2012-08-06 23:22
Hay gente que es muy de bolsos. Yo, personalmente, soy más de mochila. Sin embargo, en los sitios de vacaciones no existen las clases sociales en cuestión de bolsos: una persona, un bolso. Van desde los mínimos que sirven estrictamente para colgarse el móvil del cuello y poder mandar whatsapp sin mirar hasta los bolsos-cabás que se lleva uno a la playa y donde cabe la sombrilla, la nevera, y el pequeño de la casa si es que se pone excesivamente penoso.
Por supuesto, la tiranía de la media impone que se lleven, sobre todo, los bolsos pequeñitos, sobre todo entre la población masculina. Tamaño justo para llevar la novela, el móvil, las gafas de sol, un dinerillo por si surge la punzada del vermú a mediodía, e incluso si uno se empeña el Marca bien doblado en cuatro, que nunca se sabe cuando puede surgir una cola. Los mercadillos tienen un gran surtido de este tipo de bolsos, minimochilas o como diablos se llamen. Por alguna razón, las riñoneras han dejado de estar de moda después de que alguien se la viera a Georgie Dann.

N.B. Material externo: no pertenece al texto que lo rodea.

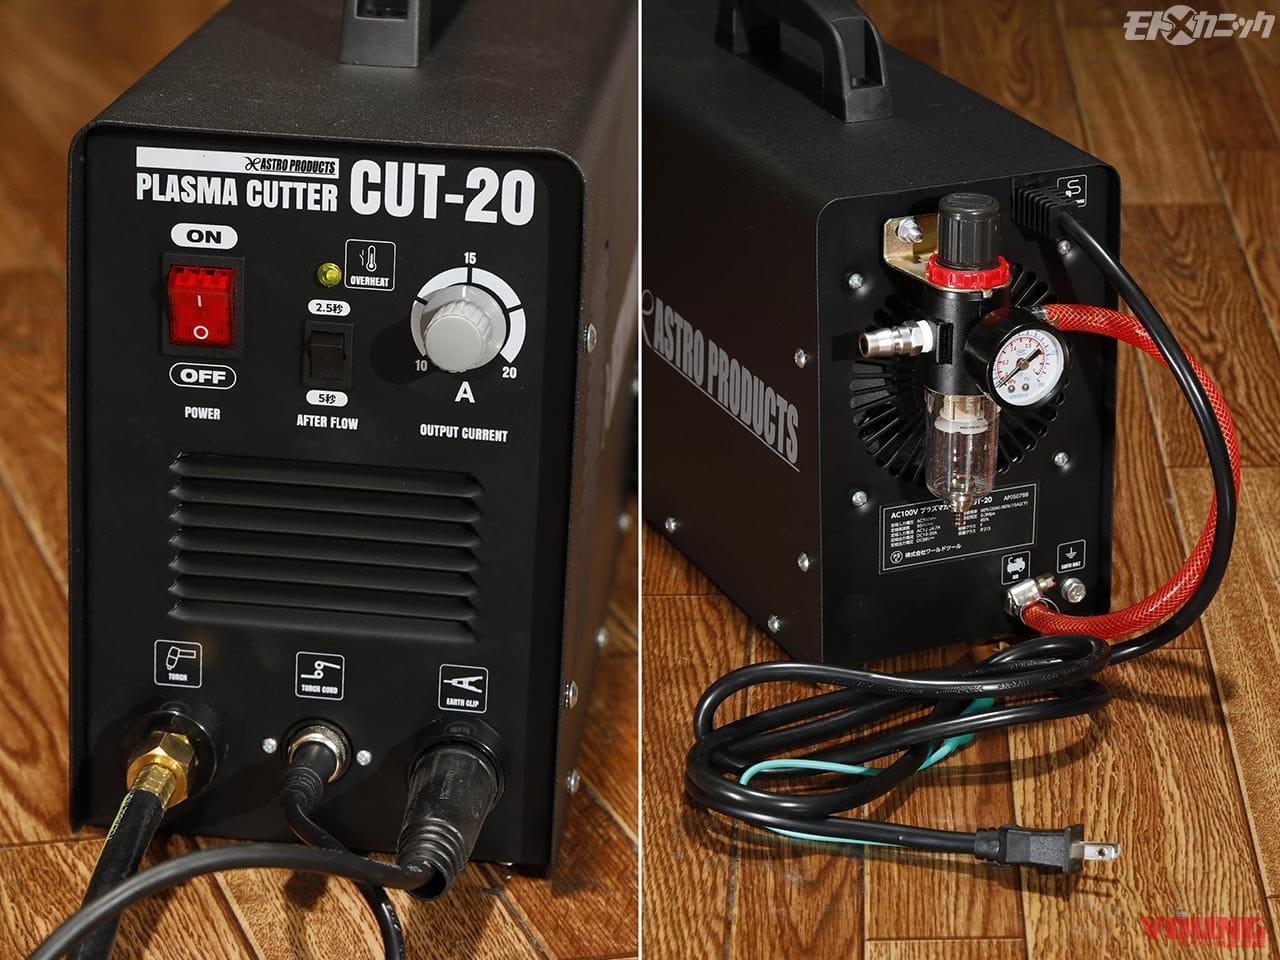 AP AC100Vプラズマカッター CUT-20[アストロプロダクツ]
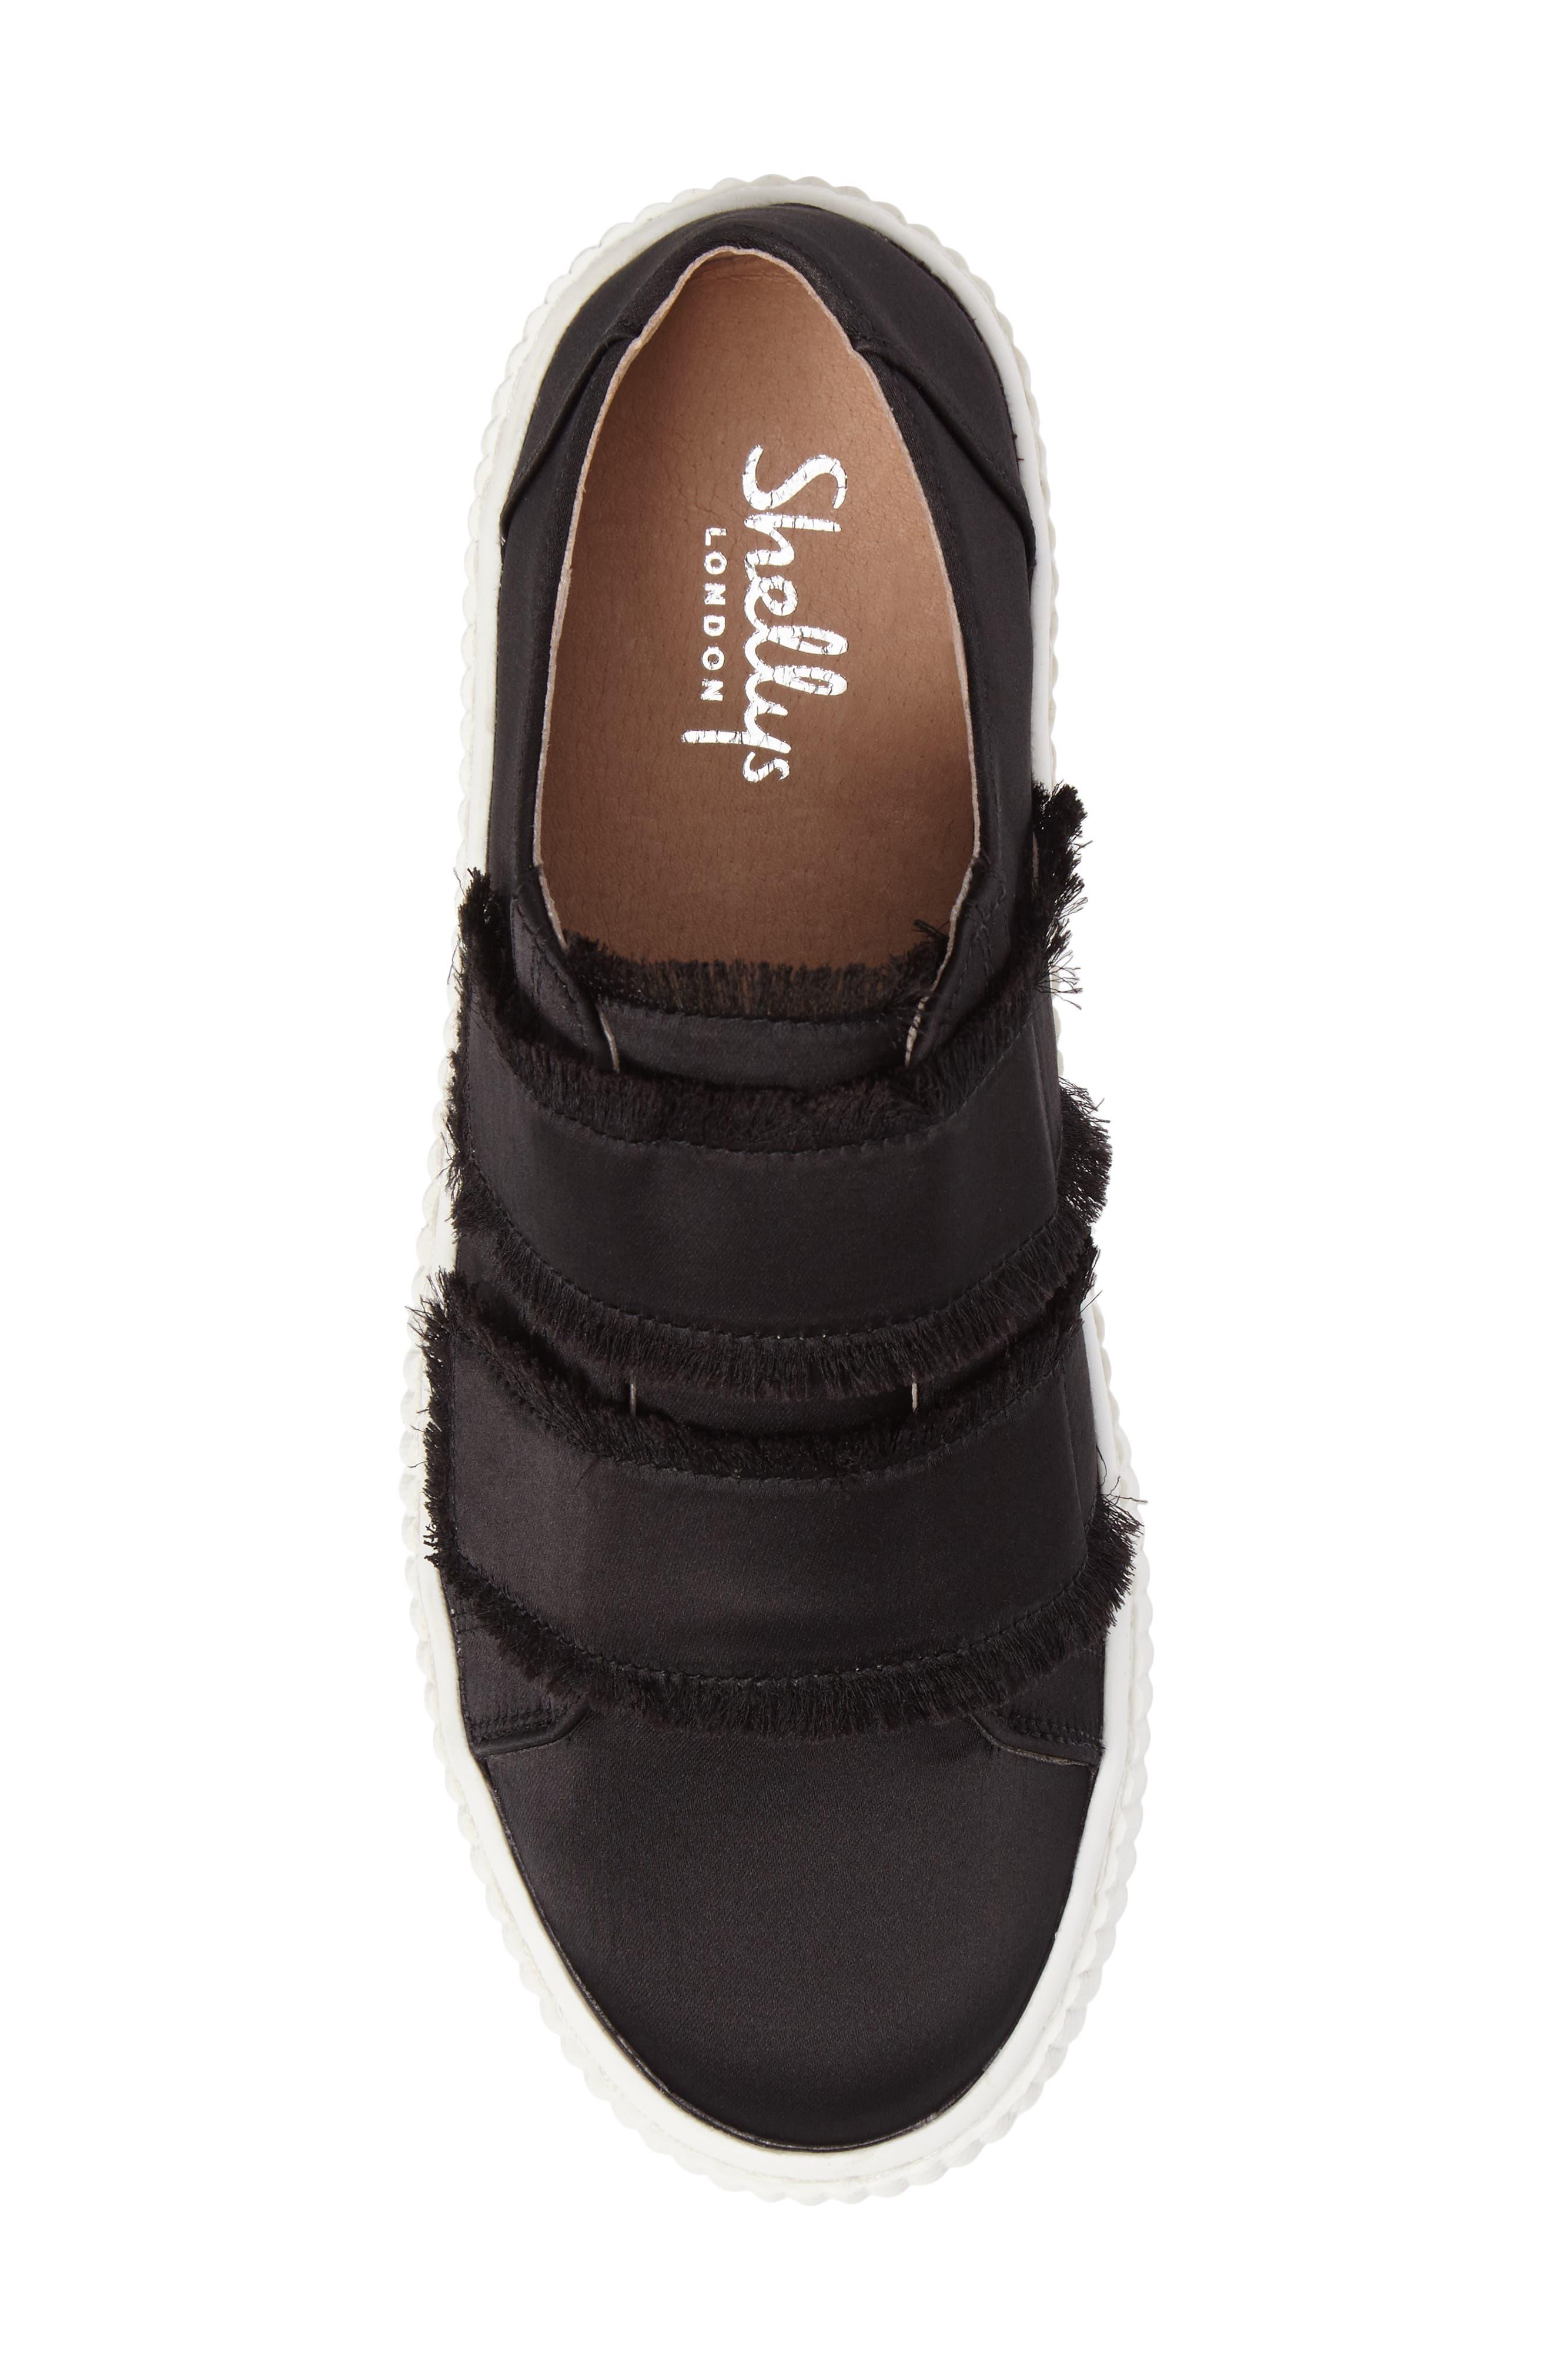 Elder Fringed Platform Sneaker,                             Alternate thumbnail 5, color,                             Black

También dentro de esos bolsos hay clases. Están los que están hábilmente compartimentados y los que permiten a unos compartimentos inmiscuirse en el resto, de forma que en cuanto que introduzcas alguna cosa que ocupe cierta cantidad de espacio, es imposible encontrar absolutamente nada. El mío, de la extinta marca Coronel Tapioca, es de estos. Se puede perder una cámara fotográfica debajo de unas llaves. Tal cosa, aparentemente imposible, sólo se puede explicar por una especial distorsión espaciotemporal creada por unas llaves y una moneda de 20 céntimos. Y esto está comprobado experimentalmente.